DLA also argues that we erred in awarding ARO its costs of filing and pursuing its protest since we recommended that the RFP be canceled and that DLA resolicit requesting sealed bids. Our Bid Protest Regulations, 4 C.F.R. Sec. 2l.6(e) (l987), limit the recovery of protest costs to situations where the contracting agency has unreasonably excluded the protester from the procurement, unless we recommend that the contract be awarded to the protester and the protester actually receives the award. We have interpreted this to allow recovery of the costs of protesting solicitation defects, such as restrictive specifications and improper sole source awards, even when we also recommend that a new procurement be conducted under which the protester will have the opportunity to compete. See AT&T Information Systems, Inc., B-223914, Oct. 23, l986, 66 Comp.Gen. ***, 86-2 CPD Par. 447; Washington National Arena Limited Partnership, 65 Comp.Gen. 25 (l985), 85-2 CPD Par. 35; Southern Technologies, Inc., B-224328, Jan. 9, l987, 87-1 CPD Par. 42. The rationale for the award of protest costs here is similar. We consider the incentive of recovering the costs of protesting an improper use of competitive proposal procedures, when the conditions requiring sealed bid procedures are present, to be consistent with the broad purpose of CICA to increase and enhance competition on federal procurements.

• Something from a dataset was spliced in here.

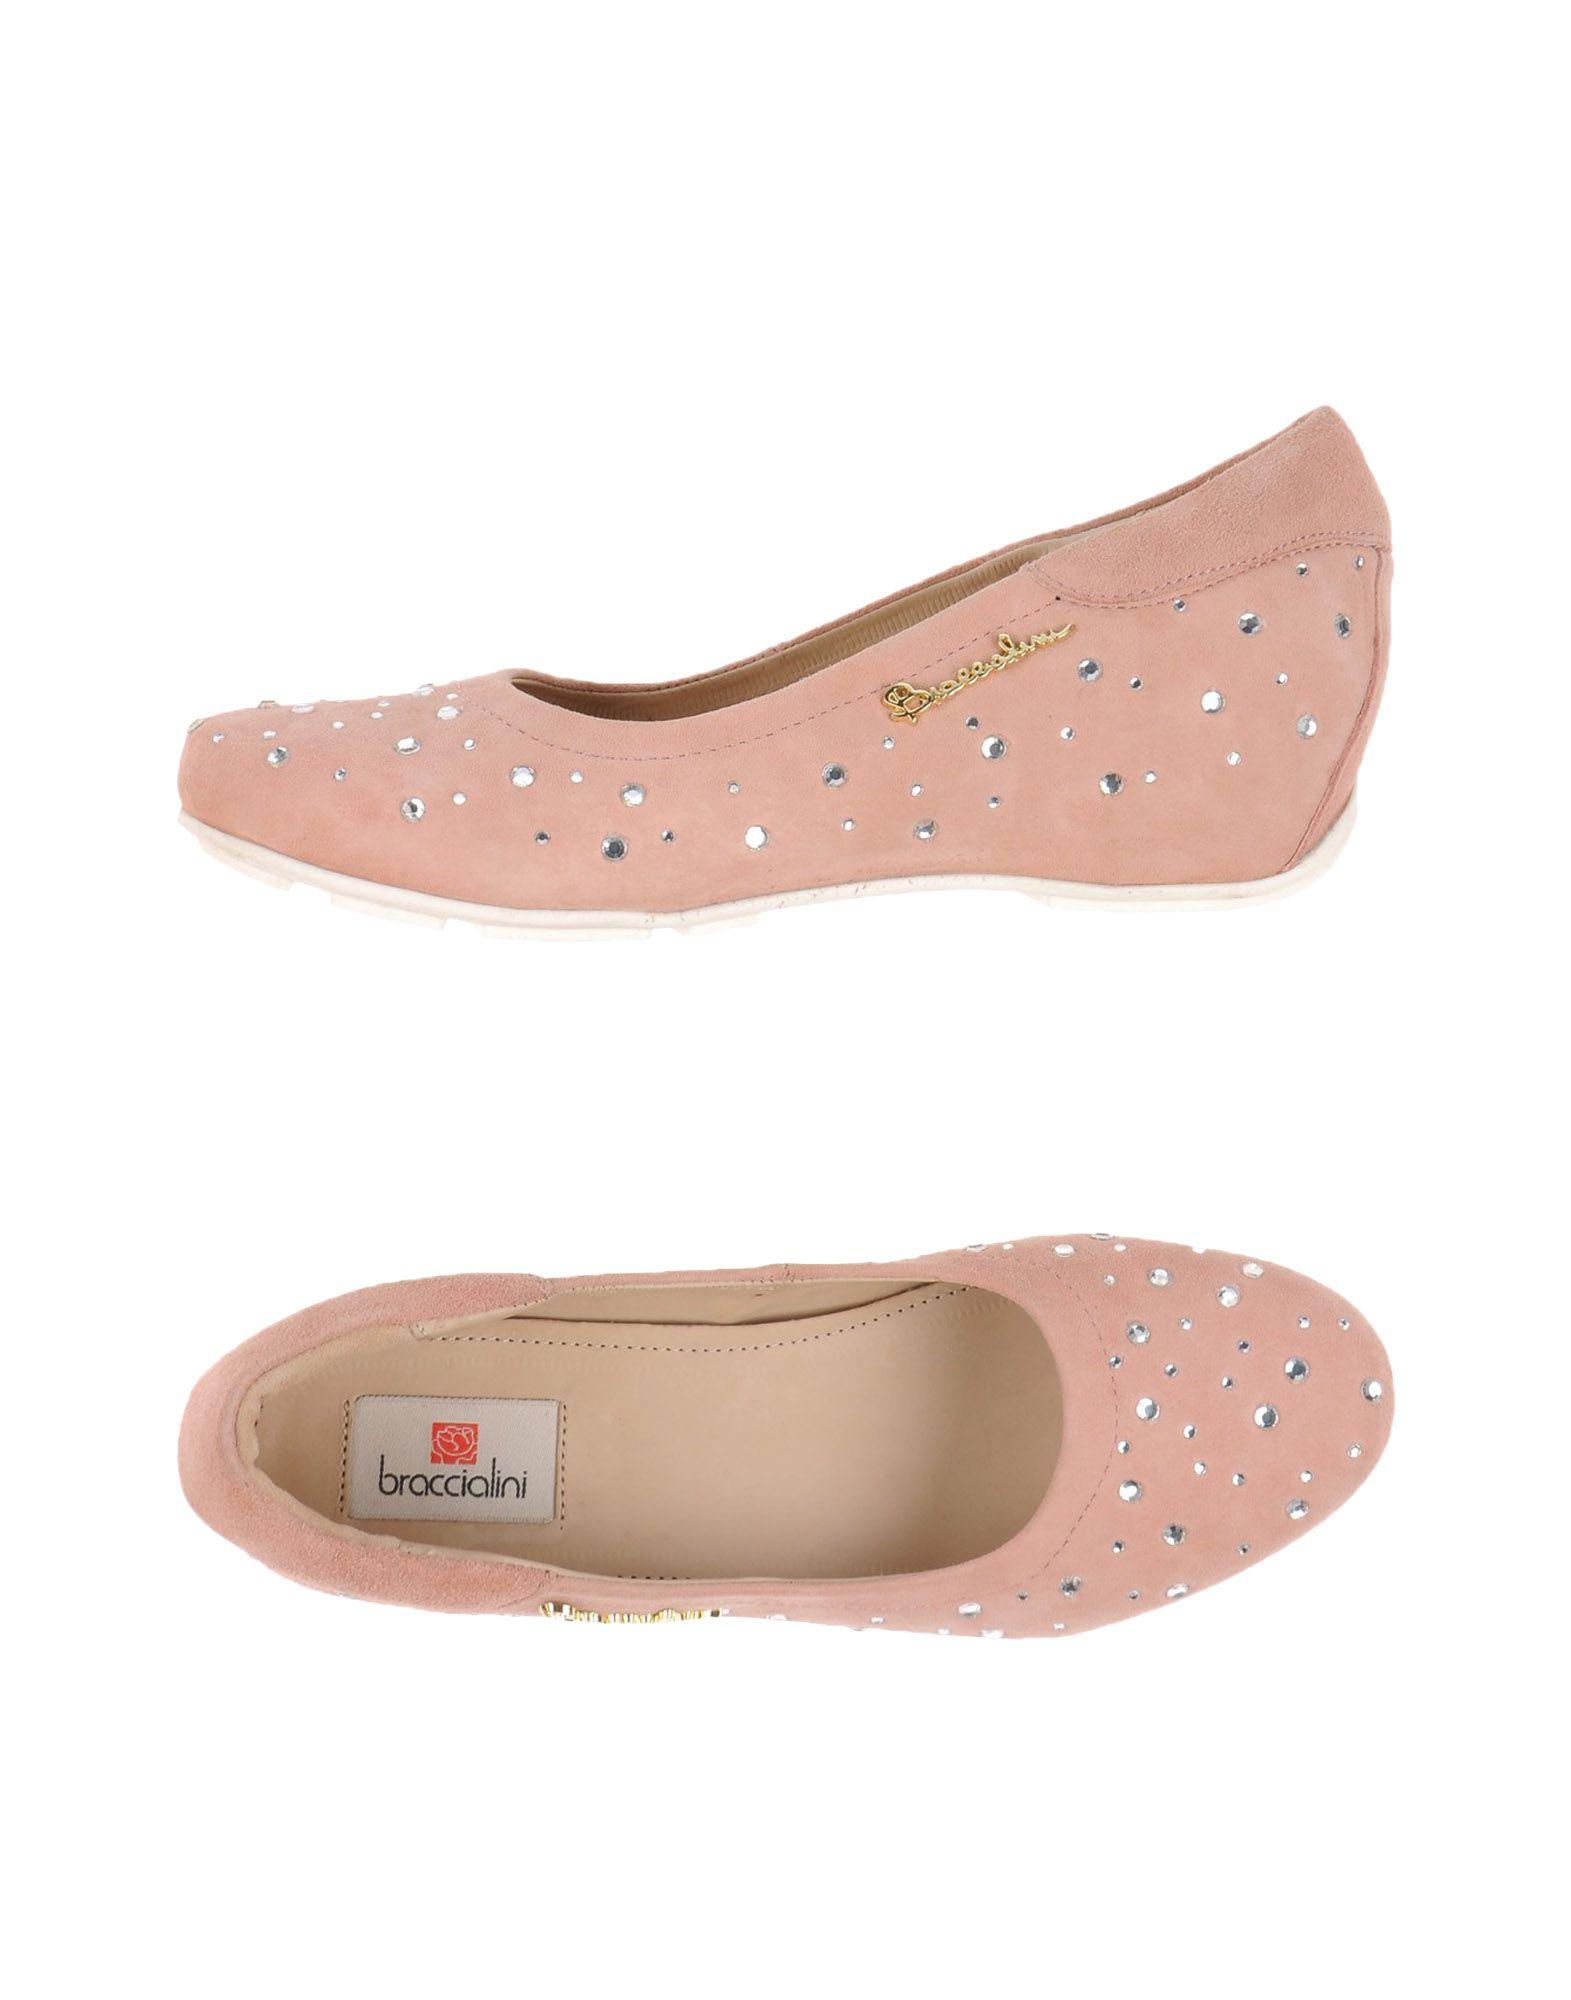 Braccialini Pumps Damen  11197107HB Gute Qualität beliebte Schuhe
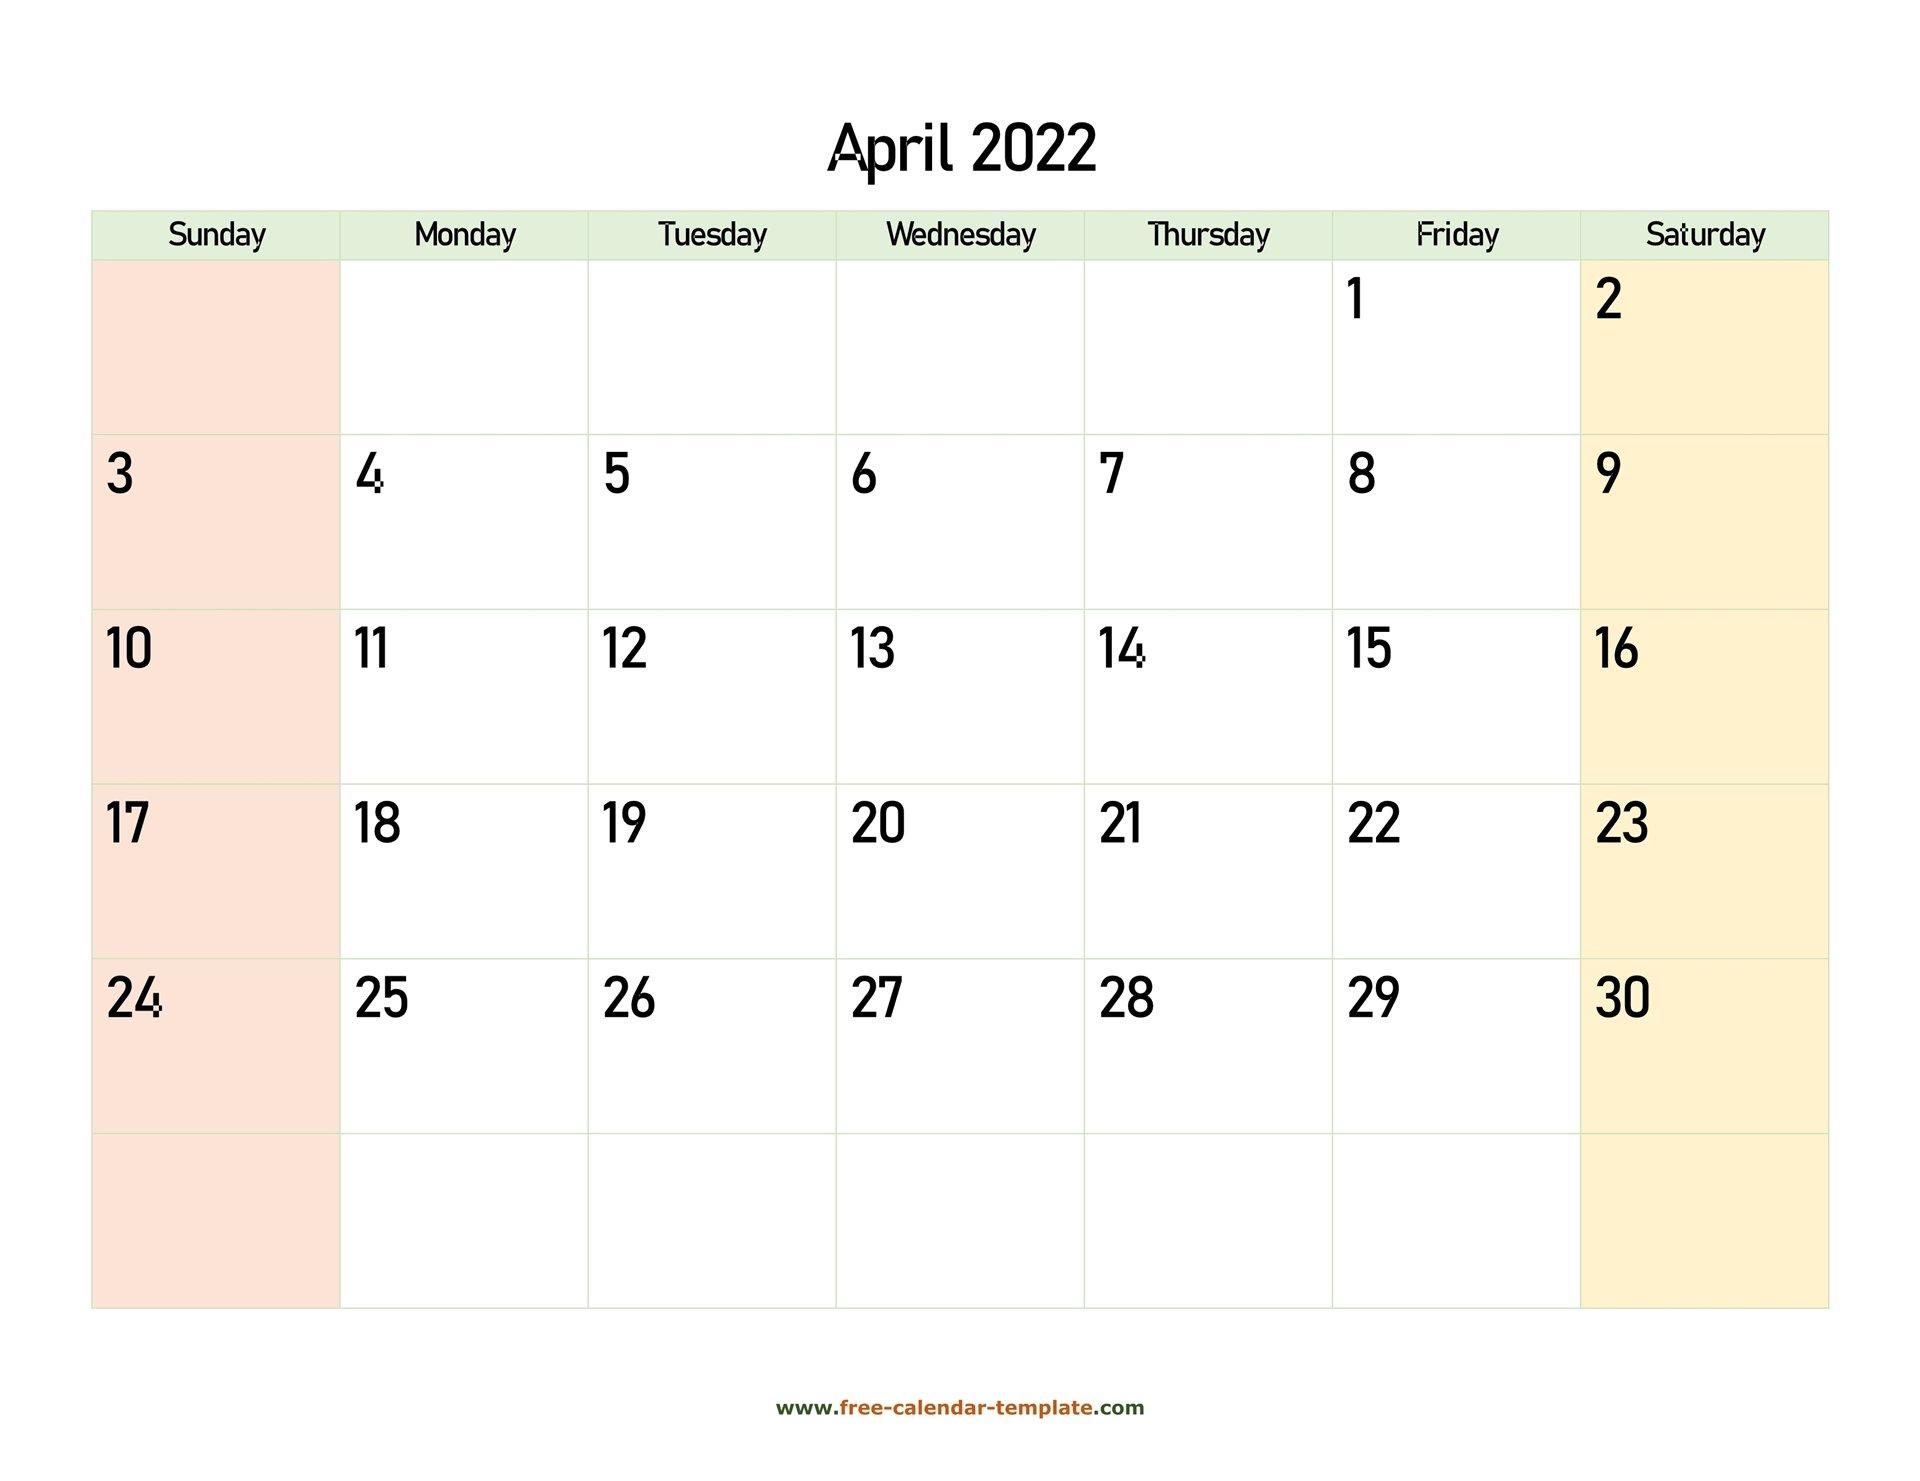 April 2022 Free Calendar Tempplate | Free-Calendar within March & April 2022 Calendar Free Printable Image

Our prior decision is affirmed.

/1/ The legislative history of CICA also indicates the mandatory nature of the requirement to use sealed bidding when the statutory conditions are present. Senate Report No. 98-50, 98th Cong. 2nd Sess., reprinted in 1984 U.S. Code Cong. & Admin. News 2191, states, in pertinent part:

"While competitive negotiation is recognized in S. 338 as a bona fide competitive procedure, the Committee emphasizes that traditional formal advertising procedures are by no means cast aside. In fact, agencies are required ... to solicit sealed bids when the enumerated conditions are present. ..."

House Conference Report No. 98-861, 98th Cong. 2nd Sess., reprinted in 1984 U.S. Code Cong, & Admin. News 2110, states:

"In effect, the substitute, like the Senate amendment, removes the restriction from-- and written justification required for-- competitive proposal procedures and places them on a par with sealed bid procedures. The substitute maintains minimum criteria for sealed bid procedures to ensure their use when appropriate."